Saw a couple guys that did not make it but for the most part i think the cherry shrimp did well .

Shawn


----------



## rescuepenguin (Apr 21, 2010)

Welcome back, enjoy Chiliwack.


----------



## CRS Fan (Apr 21, 2010)

Shawn, if you make it to Vancouver, I've got some Painted Fire Reds with your name on it !

Welcome Back!

Stuart


----------



## monkE (Aug 4, 2010)

Welcome back Shawn!


----------



## eternity302 (Apr 22, 2010)

=) OH HEY! Thought you were gonna plan on a coffee trip with us in the lower mainland!


----------



## target (Apr 21, 2010)

Welcome back to BC.


----------



## effox (Apr 21, 2010)

Welcome back to civilization.


----------



## 2wheelsx2 (Apr 21, 2010)

Welcome back Shawn.


----------



## April (Apr 21, 2010)

Welcome back! I've been driving out to chilliwack every Wednesday. If you need something when your settled lemme know. I can drive stuarts shrimp out.


----------



## Claudia (Apr 21, 2010)

April said:


> Welcome back! I've been driving out to chilliwack every Wednesday. If you need something when your settled lemme know. I can drive stuarts shrimp out.

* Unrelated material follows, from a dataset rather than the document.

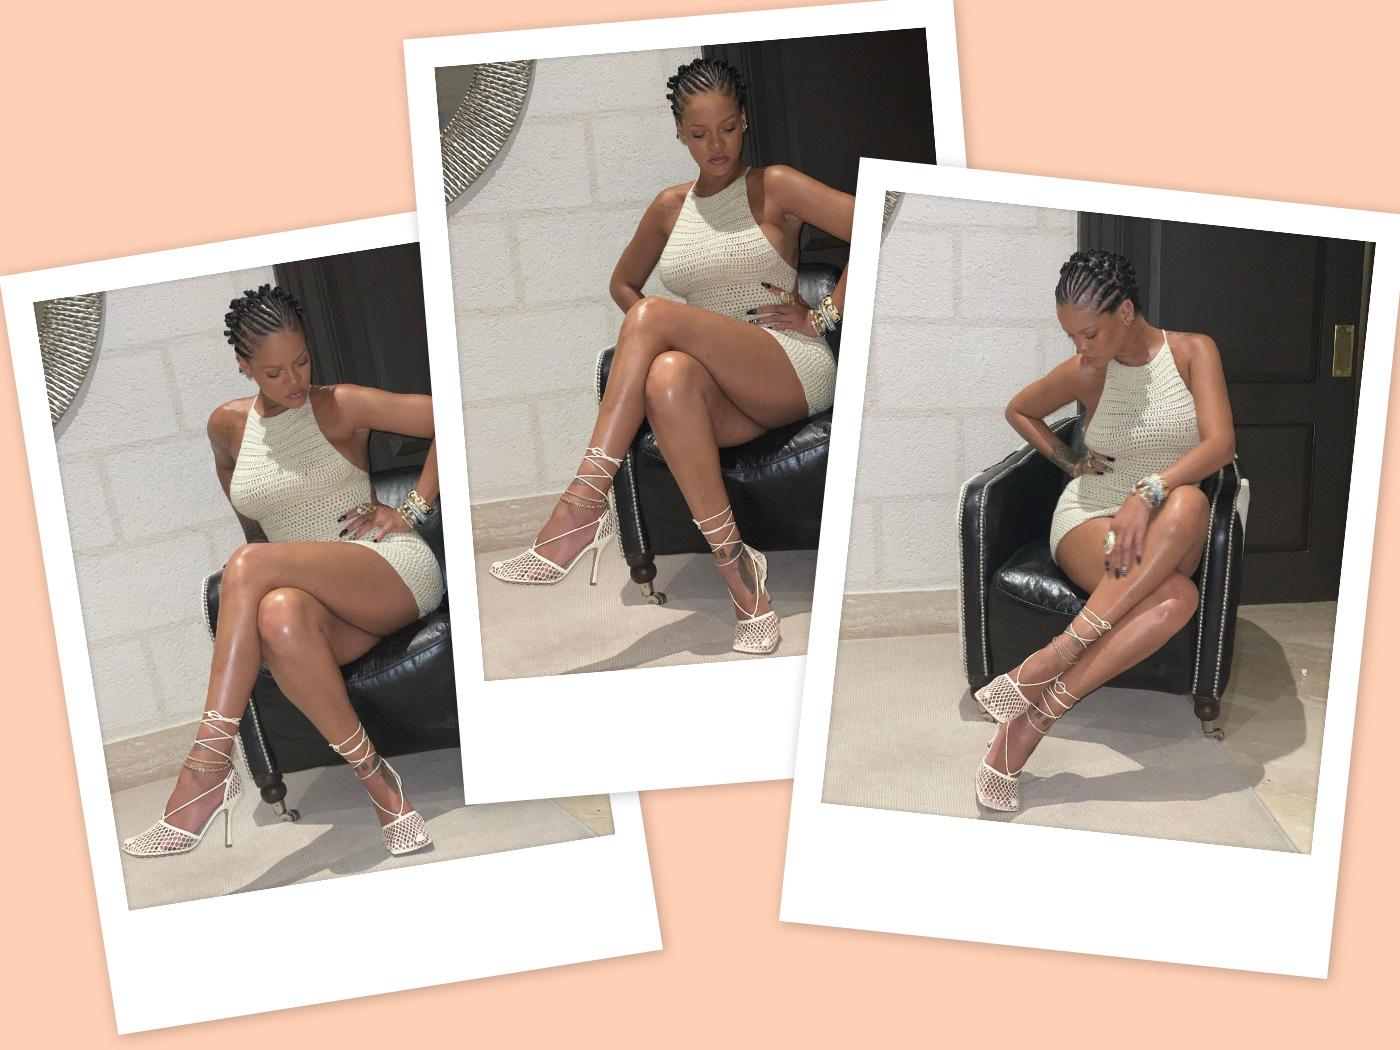 Αυτά τα προϊόντα θα σου δώσουν τα λαμπερά πόδια της Rihanna όλο το καλοκαίρι

I think this is a good excuse for some of us to go visit u Shawn  welcome back


----------



## charles (Apr 21, 2010)

Welcome back to BC, shawn...


----------



## josephl (Apr 21, 2010)

Welcome back to BC


----------



## Adz1 (Apr 21, 2010)

hey Shawn welcome back to bc..


----------



## Nicklfire (Apr 21, 2010)

awww thanks guys good to be back  

Might have to take you up on your offer stuart.. gotta get setup first.  

Thanks April, will for sure let ya know once i'm setup then i can get those little guys


----------



## katienaha (May 9, 2010)

welcome home!


----------



## Diztrbd1 (Apr 21, 2010)

Glad you had a safe move Shawn..Welcome back !


----------



## InfraredDream (Jun 24, 2010)

Glad to see you settled back in BC  Welcome


----------



## The Guy (Nov 26, 2010)

Hey Shawn I assume you were from BC originally, moved to Calgary and now back home again. Never met you yet but look forward to meeting in October.
Cheers Laurie


----------



## STANKYfish (Apr 21, 2011)

Welcome back to Beautiful BC.


----------



## mikebike (Sep 8, 2010)

Hi Shawn,
welcome back

give me a call on Friday Mike
604535 063


----------



## big_bubba_B (Apr 25, 2010)

booooo urns


----------



## Luc (Mar 22, 2011)

Welcome to Chilliwack haha


----------